──────── SUPPLIED MATERIAL ────────

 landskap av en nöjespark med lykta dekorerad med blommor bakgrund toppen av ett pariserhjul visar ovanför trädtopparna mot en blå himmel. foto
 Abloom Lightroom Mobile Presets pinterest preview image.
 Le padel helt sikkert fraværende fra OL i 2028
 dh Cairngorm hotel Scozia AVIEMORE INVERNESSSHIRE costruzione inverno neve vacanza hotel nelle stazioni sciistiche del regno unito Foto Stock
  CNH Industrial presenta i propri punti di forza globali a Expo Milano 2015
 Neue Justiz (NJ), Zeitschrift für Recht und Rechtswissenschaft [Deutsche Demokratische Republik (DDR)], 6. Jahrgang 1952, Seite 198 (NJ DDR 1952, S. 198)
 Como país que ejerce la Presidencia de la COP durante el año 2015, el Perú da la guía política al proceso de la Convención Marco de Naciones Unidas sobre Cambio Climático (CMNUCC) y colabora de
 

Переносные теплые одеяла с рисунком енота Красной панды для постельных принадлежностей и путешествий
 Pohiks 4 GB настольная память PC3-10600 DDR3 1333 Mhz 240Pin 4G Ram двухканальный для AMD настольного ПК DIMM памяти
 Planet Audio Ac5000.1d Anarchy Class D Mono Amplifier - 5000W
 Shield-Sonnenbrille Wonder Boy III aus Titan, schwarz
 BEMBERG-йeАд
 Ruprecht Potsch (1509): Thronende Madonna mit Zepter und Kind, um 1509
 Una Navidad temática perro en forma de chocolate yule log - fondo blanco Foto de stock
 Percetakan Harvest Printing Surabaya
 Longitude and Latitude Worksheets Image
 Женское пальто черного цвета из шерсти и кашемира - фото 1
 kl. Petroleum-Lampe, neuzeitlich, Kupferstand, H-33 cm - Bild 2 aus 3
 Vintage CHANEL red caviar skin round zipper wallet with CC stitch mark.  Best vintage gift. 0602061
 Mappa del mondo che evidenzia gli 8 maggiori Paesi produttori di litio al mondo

────────

§ AIM OF THE TASK:
Reproduce every entry shown above, precisely as it stands.

§ YOUR SOLUTION:
 landskap av en nöjespark med lykta dekorerad med blommor bakgrund toppen av ett pariserhjul visar ovanför trädtopparna mot en blå himmel. foto
 Abloom Lightroom Mobile Presets pinterest preview image.
 Le padel helt sikkert fraværende fra OL i 2028
 dh Cairngorm hotel Scozia AVIEMORE INVERNESSSHIRE costruzione inverno neve vacanza hotel nelle stazioni sciistiche del regno unito Foto Stock
  CNH Industrial presenta i propri punti di forza globali a Expo Milano 2015
 Neue Justiz (NJ), Zeitschrift für Recht und Rechtswissenschaft [Deutsche Demokratische Republik (DDR)], 6. Jahrgang 1952, Seite 198 (NJ DDR 1952, S. 198)
 Como país que ejerce la Presidencia de la COP durante el año 2015, el Perú da la guía política al proceso de la Convención Marco de Naciones Unidas sobre Cambio Climático (CMNUCC) y colabora de
 

Переносные теплые одеяла с рисунком енота Красной панды для постельных принадлежностей и путешествий
 Pohiks 4 GB настольная память PC3-10600 DDR3 1333 Mhz 240Pin 4G Ram двухканальный для AMD настольного ПК DIMM памяти
 Planet Audio Ac5000.1d Anarchy Class D Mono Amplifier - 5000W
 Shield-Sonnenbrille Wonder Boy III aus Titan, schwarz
 BEMBERG-йeАд
 Ruprecht Potsch (1509): Thronende Madonna mit Zepter und Kind, um 1509
 Una Navidad temática perro en forma de chocolate yule log - fondo blanco Foto de stock
 Percetakan Harvest Printing Surabaya
 Longitude and Latitude Worksheets Image
 Женское пальто черного цвета из шерсти и кашемира - фото 1
 kl. Petroleum-Lampe, neuzeitlich, Kupferstand, H-33 cm - Bild 2 aus 3
 Vintage CHANEL red caviar skin round zipper wallet with CC stitch mark.  Best vintage gift. 0602061
 Mappa del mondo che evidenzia gli 8 maggiori Paesi produttori di litio al mondo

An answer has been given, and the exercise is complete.